- Born: Maurice Khedouri Zilkha 1918 Baghdad, Iraq
- Died: 1964 (aged 45–46) New York City, U.S.
- Citizenship: Italian
- Occupation: banker
- Spouse: Helene Paraskeviadias Zilkha
- Children: Doris and Philippe
- Parent: Khedouri Zilkha
- Relatives: Selim Zilkha (brother) Ezra Zilkha (brother) Abdullah Zilkha (brother)

= Maurice Zilkha =

Iraqi banker

Maurice K. Zilkha (1918-1964) was an Iraqi banker.

==Early life==
Maurice Zilkha was born in Baghdad, Iraq, the son of Khedouri Zilkha and Louise (Bashi) Zilkha.

==Career==
He was managing director of Banque Zilkha in Egypt until the family's Egyptian assets were confiscated in 1956 by Gamel Abdel Nasser's government.

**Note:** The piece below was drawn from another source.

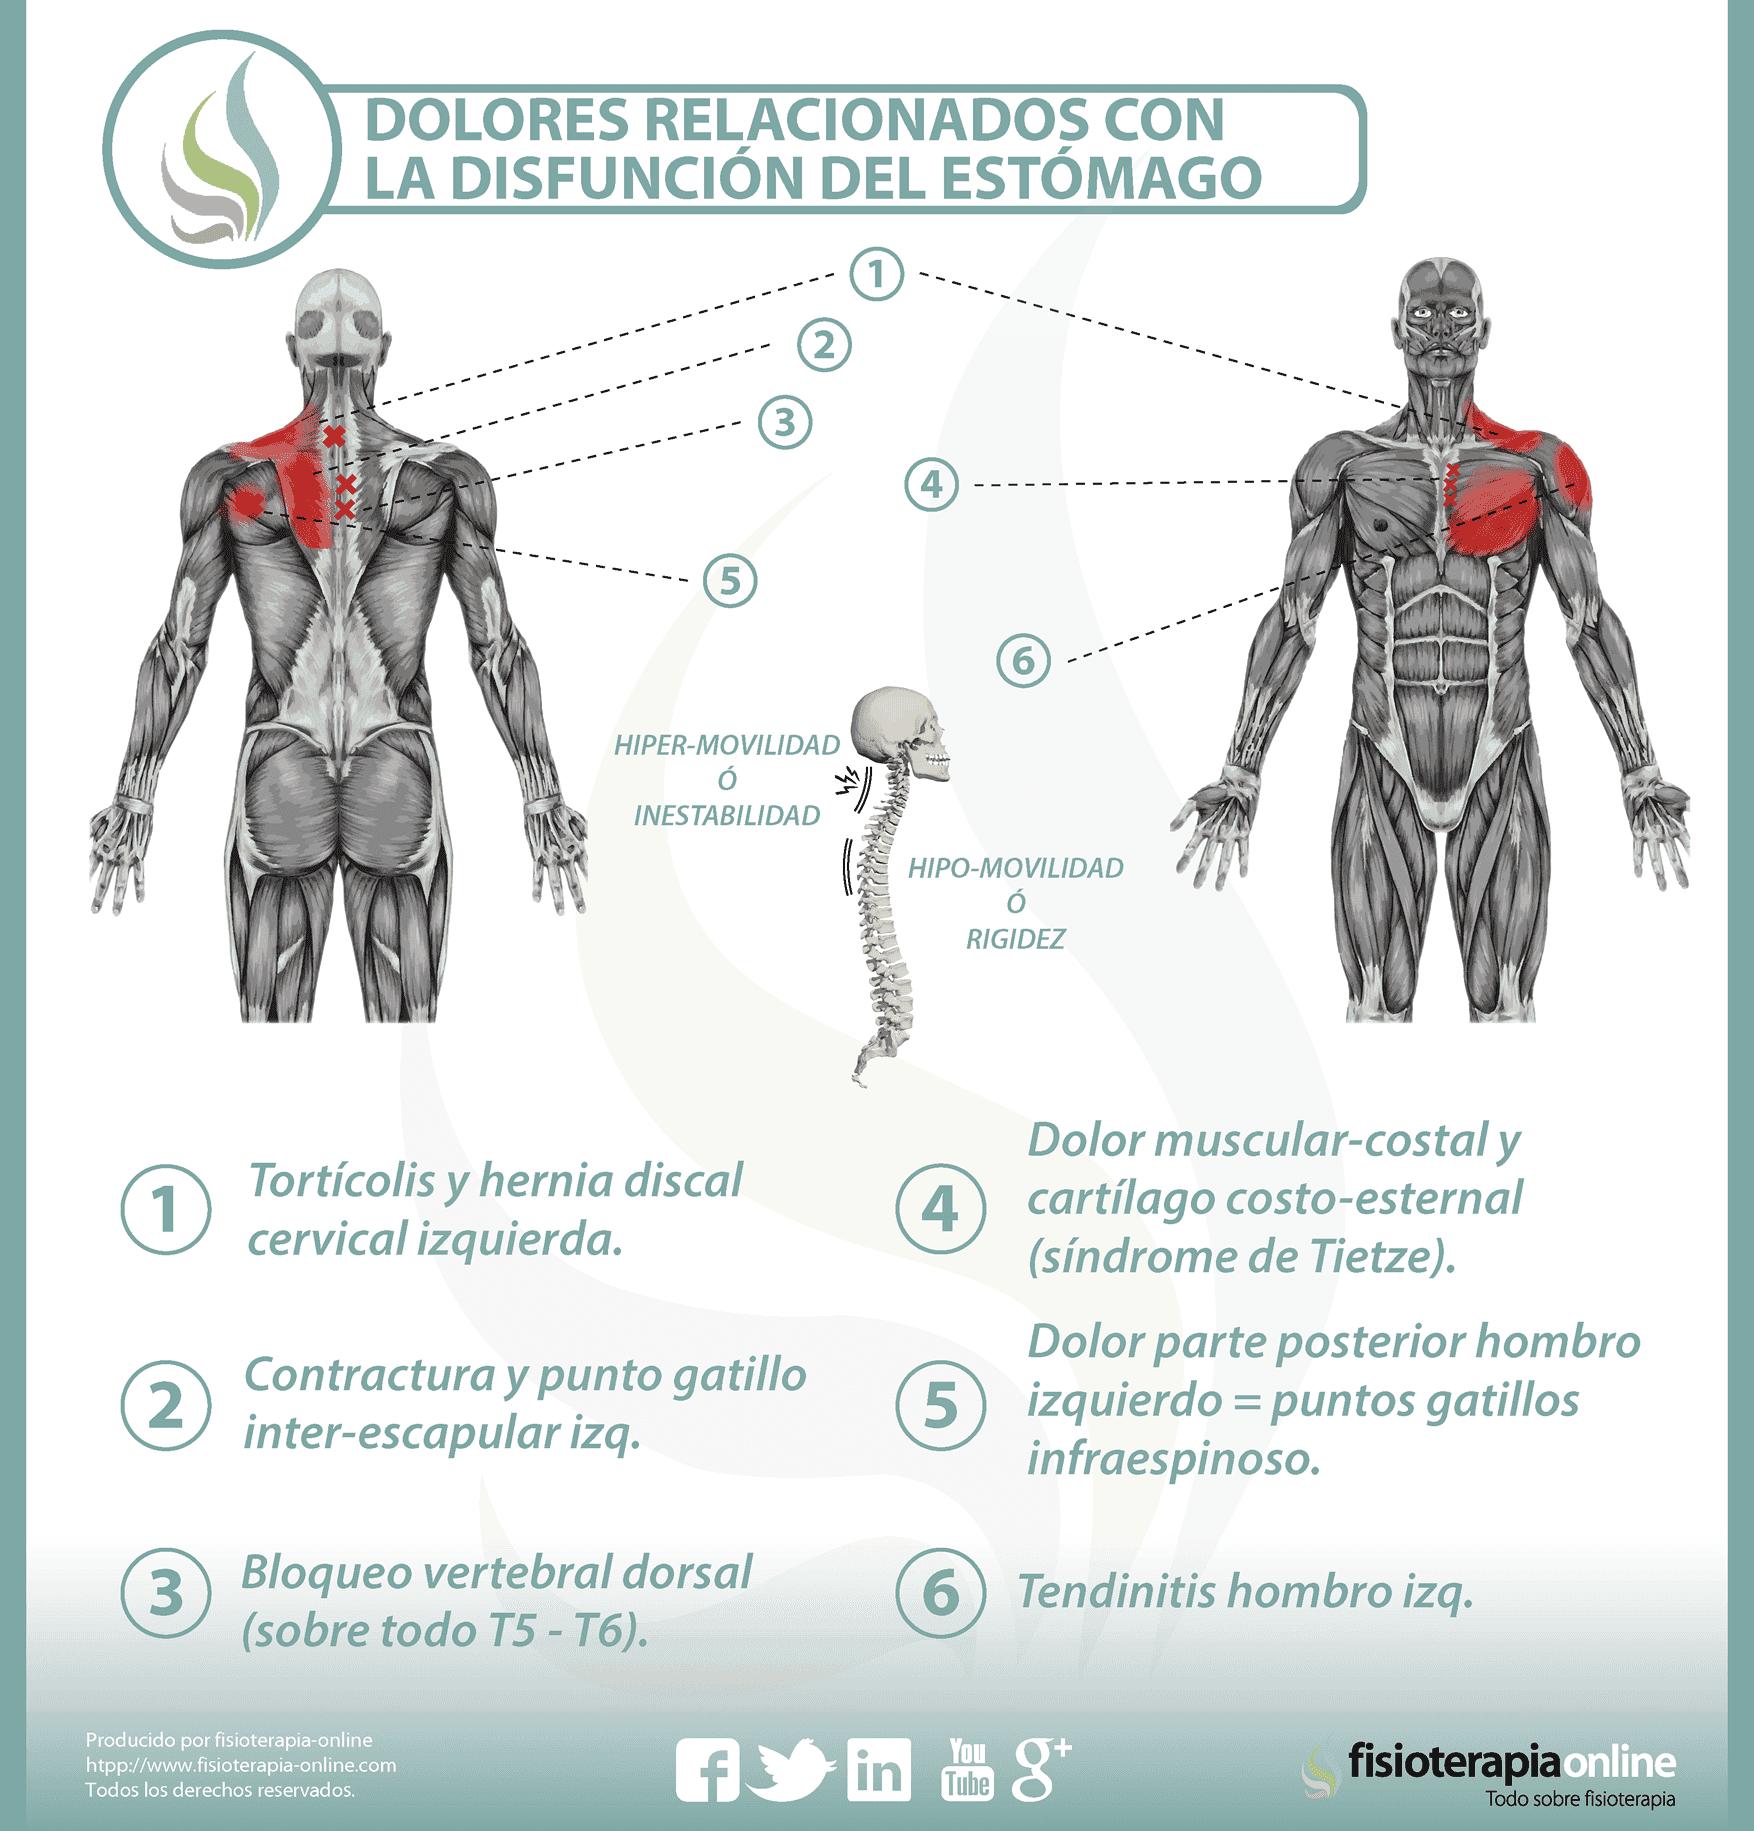 A sheynom la osteocondrosis puede estar enfermo el pecho

In 1956, Zilkha left from Egypt and became an Italian citizen. He died in 1964 at the Carlyle Hotel in New York City after a short illness.

==Personal life==
He was survived by his wife Helene Paraskeviadias Zilkha, their daughter Doris of Paris, France and Mont-sur-Rolle, Switzerland; their son, Philippe; as well as his three brothers and two sisters, Mrs. Helen Simon and Mrs. Hanina Shasha (wife of Alfred Aboud Shasha), both of New York.